EXERCISE BRIEF
Within these entries, which lines include the string "dark"? Copy each one.

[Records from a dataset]
·····

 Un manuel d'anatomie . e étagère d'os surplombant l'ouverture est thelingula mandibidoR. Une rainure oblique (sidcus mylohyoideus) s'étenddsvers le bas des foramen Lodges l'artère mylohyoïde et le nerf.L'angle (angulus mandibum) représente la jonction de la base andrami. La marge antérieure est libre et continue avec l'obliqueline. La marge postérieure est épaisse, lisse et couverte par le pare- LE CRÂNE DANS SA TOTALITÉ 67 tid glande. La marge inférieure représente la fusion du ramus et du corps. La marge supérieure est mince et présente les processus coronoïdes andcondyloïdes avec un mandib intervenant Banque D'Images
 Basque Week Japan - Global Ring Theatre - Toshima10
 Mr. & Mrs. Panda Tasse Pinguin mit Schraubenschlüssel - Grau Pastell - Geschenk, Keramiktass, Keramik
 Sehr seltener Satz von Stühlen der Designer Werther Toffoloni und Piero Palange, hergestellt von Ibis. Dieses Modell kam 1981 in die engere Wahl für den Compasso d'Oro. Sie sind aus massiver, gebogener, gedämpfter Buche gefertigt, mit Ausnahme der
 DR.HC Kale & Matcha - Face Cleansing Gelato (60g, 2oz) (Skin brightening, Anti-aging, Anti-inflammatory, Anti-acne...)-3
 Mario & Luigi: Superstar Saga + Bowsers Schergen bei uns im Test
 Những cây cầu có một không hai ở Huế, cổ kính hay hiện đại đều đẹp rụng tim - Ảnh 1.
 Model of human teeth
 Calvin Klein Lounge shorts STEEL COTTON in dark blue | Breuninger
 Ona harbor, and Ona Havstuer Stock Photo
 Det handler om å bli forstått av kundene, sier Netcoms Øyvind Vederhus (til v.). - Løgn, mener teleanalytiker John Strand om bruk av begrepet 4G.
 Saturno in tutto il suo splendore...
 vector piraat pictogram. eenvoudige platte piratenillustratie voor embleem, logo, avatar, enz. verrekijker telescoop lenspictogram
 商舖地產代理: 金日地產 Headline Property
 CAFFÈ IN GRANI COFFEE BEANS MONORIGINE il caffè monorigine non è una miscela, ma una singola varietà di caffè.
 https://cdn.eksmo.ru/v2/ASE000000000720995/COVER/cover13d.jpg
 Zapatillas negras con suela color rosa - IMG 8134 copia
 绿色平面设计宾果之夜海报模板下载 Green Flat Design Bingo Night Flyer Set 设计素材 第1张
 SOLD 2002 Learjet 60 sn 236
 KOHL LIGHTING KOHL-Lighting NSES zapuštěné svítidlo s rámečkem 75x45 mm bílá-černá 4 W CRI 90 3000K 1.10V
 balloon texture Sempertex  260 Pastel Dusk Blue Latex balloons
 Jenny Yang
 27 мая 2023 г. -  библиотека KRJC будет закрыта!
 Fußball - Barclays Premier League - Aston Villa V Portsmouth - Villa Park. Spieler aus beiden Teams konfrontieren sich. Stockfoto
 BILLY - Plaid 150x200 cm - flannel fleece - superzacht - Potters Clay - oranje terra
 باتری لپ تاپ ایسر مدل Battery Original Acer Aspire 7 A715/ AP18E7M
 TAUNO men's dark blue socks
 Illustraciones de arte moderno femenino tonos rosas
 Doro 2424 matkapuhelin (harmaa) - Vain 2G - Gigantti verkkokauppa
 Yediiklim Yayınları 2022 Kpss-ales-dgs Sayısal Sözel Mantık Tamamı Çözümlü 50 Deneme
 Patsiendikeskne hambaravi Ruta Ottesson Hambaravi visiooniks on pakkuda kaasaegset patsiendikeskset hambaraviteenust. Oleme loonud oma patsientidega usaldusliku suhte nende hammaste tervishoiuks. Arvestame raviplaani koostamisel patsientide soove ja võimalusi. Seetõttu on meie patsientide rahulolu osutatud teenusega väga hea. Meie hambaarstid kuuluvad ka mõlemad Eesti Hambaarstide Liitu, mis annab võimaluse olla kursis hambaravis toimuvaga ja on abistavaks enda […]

·····

ANSWER FOR THE TASK
 Calvin Klein Lounge shorts STEEL COTTON in dark blue | Breuninger
 TAUNO men's dark blue socks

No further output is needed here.